Apply tACS to Alleviate Anxiety Symptoms

Anxiety Disorders Clinical Trial

Official title:
Non-invasive Neuromodulation of the Right Anterior Amygdala Using tACS: A Double-blind Randomized Sham Controlled Clinical Trial for the Treatment of Anxiety Related Disorders With an Open-Label Extension

Clinical Trial Details — Status: Recruiting

Administrative data
NCT number NCT06086015
Other study ID # AMG-05
Secondary ID
Status Recruiting
Phase Phase 2
First received
Last updated
Start date June 1, 2021
Est. completion date December 31, 2024

Study information
Verified date October 2023
Source NeuroCognitive and Behavioral Institute Clinical Research Foundation
Contact Gerald Tramontano, PhD
Phone 9736010100
Email gtramontano@neuroci.com
Is FDA regulated No
Health authority
Study type Interventional

Clinical Trial Summary

This is a clinical research trial exploring the efficacy of non-invasive neuromodulation (NM) intervention in the treatment of anxiety.
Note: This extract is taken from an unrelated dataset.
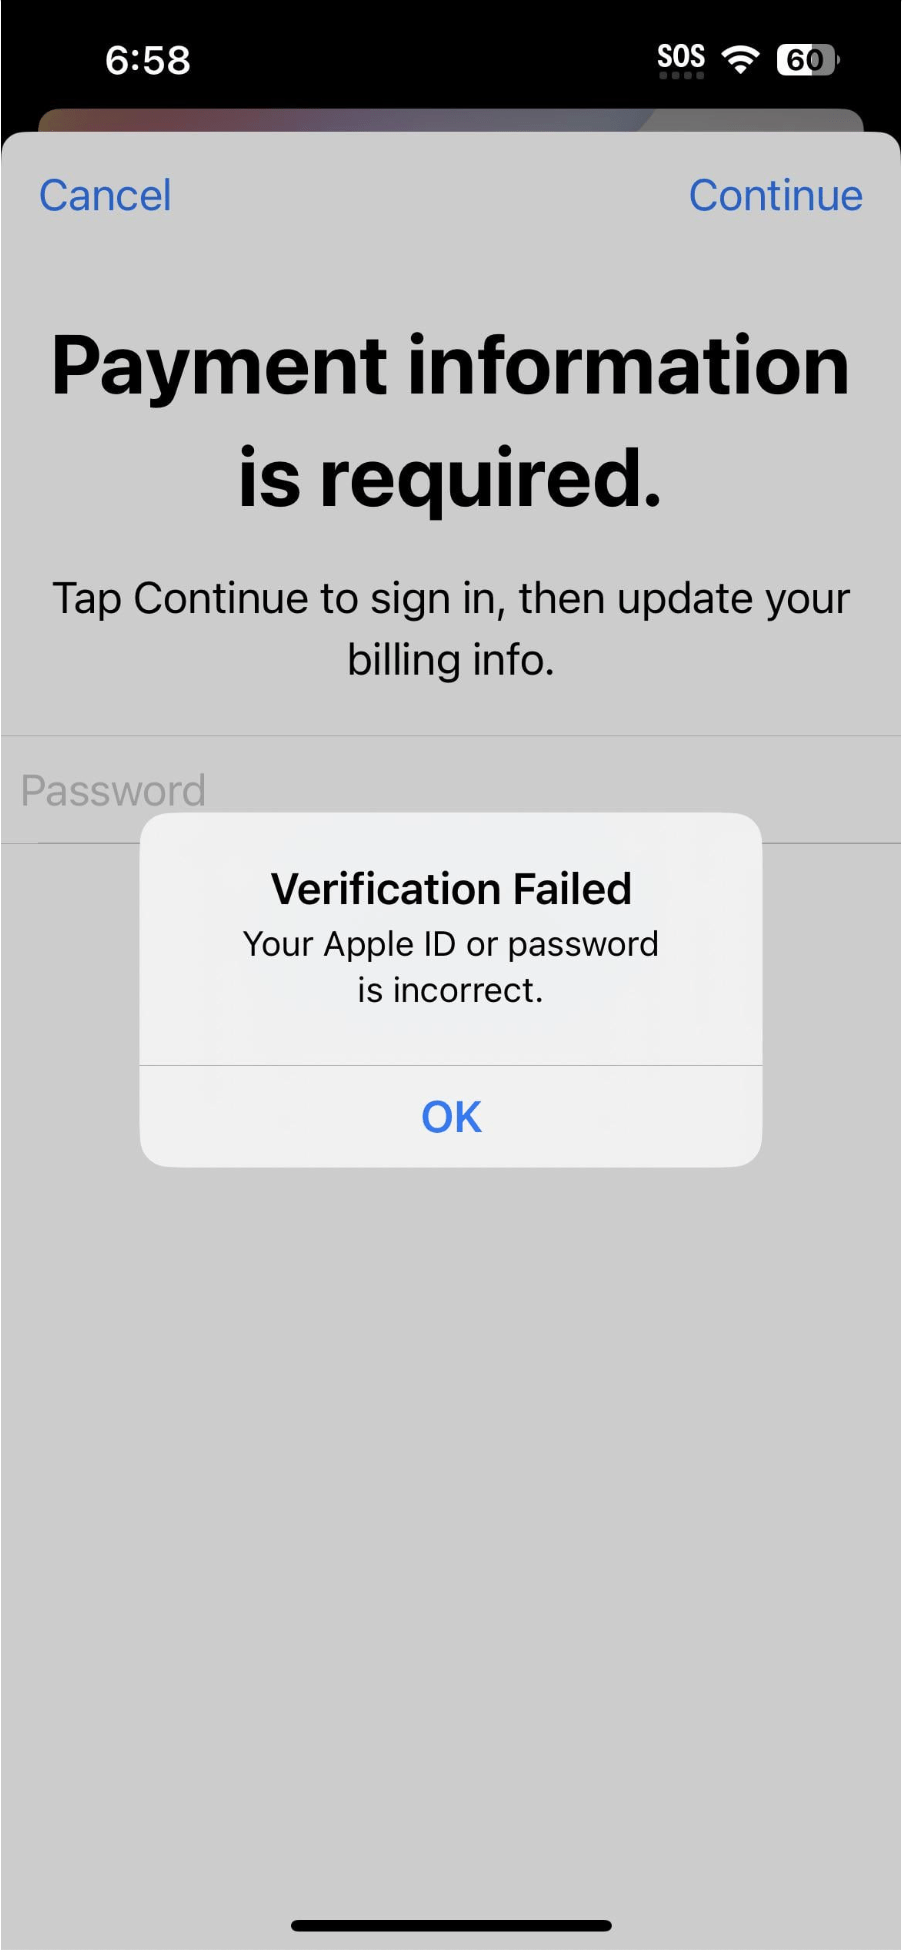 verification failed error on iPhone in App Store

The NM used in this study consists of 25 minutes of 5 hz transcranial alternating current stimulation (tACS) titrated up to 2mA targeting the anterolateral amygdala across 12 treatment sessions with a 3-4 week time period. The studied population includes patients with the following anxiety disorders: generalized anxiety disorder (GAD), social anxiety disorder (SAD), separation anxiety disorder of childhood, and post-traumatic stress disorder (PTSD). Participants will be randomly assigned to tACS or sham, cross-over, then followed by an optional open-label extension phase.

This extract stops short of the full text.